**TO DO**
One part of the entries below is wanted: the lines from the one containing "Shaved Mushroom Salad with Arugula & Walnuts" through the one containing "VORCOOL マッサージボール ストレッチボール". Write those out exactly and nothing else.

** INFORMATION SUPPLIED follows **

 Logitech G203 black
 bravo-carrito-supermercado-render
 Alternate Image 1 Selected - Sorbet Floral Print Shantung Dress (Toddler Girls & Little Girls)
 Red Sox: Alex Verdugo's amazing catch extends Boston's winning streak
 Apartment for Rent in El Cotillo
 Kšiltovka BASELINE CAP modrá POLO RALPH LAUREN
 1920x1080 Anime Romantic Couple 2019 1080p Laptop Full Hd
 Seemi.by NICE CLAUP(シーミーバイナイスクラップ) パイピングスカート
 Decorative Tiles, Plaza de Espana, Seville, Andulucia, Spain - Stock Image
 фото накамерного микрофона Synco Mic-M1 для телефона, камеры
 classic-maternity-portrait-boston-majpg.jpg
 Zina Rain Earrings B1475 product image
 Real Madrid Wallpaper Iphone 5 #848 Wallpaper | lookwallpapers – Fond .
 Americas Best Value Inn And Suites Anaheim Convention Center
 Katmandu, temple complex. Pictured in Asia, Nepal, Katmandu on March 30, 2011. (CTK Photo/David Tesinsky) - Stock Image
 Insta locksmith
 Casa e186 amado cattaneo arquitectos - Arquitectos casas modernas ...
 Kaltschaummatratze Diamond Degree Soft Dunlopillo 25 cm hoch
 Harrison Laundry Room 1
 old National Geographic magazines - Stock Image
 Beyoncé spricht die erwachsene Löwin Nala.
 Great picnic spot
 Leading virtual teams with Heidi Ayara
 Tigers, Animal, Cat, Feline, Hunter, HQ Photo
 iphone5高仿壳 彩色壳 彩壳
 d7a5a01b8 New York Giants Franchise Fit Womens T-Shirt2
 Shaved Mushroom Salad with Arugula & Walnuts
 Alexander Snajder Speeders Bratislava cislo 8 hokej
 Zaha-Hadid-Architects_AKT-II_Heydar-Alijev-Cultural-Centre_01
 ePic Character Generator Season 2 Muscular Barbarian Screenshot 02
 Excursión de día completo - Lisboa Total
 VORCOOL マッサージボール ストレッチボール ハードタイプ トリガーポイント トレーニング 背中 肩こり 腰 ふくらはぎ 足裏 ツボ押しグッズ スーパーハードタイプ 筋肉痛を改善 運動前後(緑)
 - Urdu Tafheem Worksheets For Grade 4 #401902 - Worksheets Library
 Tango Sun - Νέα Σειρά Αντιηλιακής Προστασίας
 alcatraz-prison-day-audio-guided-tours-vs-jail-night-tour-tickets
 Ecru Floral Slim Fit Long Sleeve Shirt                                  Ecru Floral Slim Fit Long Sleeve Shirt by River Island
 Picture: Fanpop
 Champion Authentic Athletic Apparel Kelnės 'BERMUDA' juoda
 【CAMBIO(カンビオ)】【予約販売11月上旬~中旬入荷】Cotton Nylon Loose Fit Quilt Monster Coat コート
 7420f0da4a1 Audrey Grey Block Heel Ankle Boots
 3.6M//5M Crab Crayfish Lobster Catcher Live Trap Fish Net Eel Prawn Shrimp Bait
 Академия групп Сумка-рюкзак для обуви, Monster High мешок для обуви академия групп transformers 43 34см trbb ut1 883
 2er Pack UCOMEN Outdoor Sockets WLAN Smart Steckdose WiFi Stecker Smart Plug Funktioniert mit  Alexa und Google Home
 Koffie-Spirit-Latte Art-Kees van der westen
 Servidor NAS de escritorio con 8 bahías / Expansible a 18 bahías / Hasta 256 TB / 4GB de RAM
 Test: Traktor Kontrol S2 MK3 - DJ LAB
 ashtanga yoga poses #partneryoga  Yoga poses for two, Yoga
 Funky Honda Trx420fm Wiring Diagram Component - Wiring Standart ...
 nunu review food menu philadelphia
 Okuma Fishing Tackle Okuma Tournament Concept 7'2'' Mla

** End of INFORMATION SUPPLIED **

**REPLY**
 Shaved Mushroom Salad with Arugula & Walnuts
 Alexander Snajder Speeders Bratislava cislo 8 hokej
 Zaha-Hadid-Architects_AKT-II_Heydar-Alijev-Cultural-Centre_01
 ePic Character Generator Season 2 Muscular Barbarian Screenshot 02
 Excursión de día completo - Lisboa Total
 VORCOOL マッサージボール ストレッチボール ハードタイプ トリガーポイント トレーニング 背中 肩こり 腰 ふくらはぎ 足裏 ツボ押しグッズ スーパーハードタイプ 筋肉痛を改善 運動前後(緑)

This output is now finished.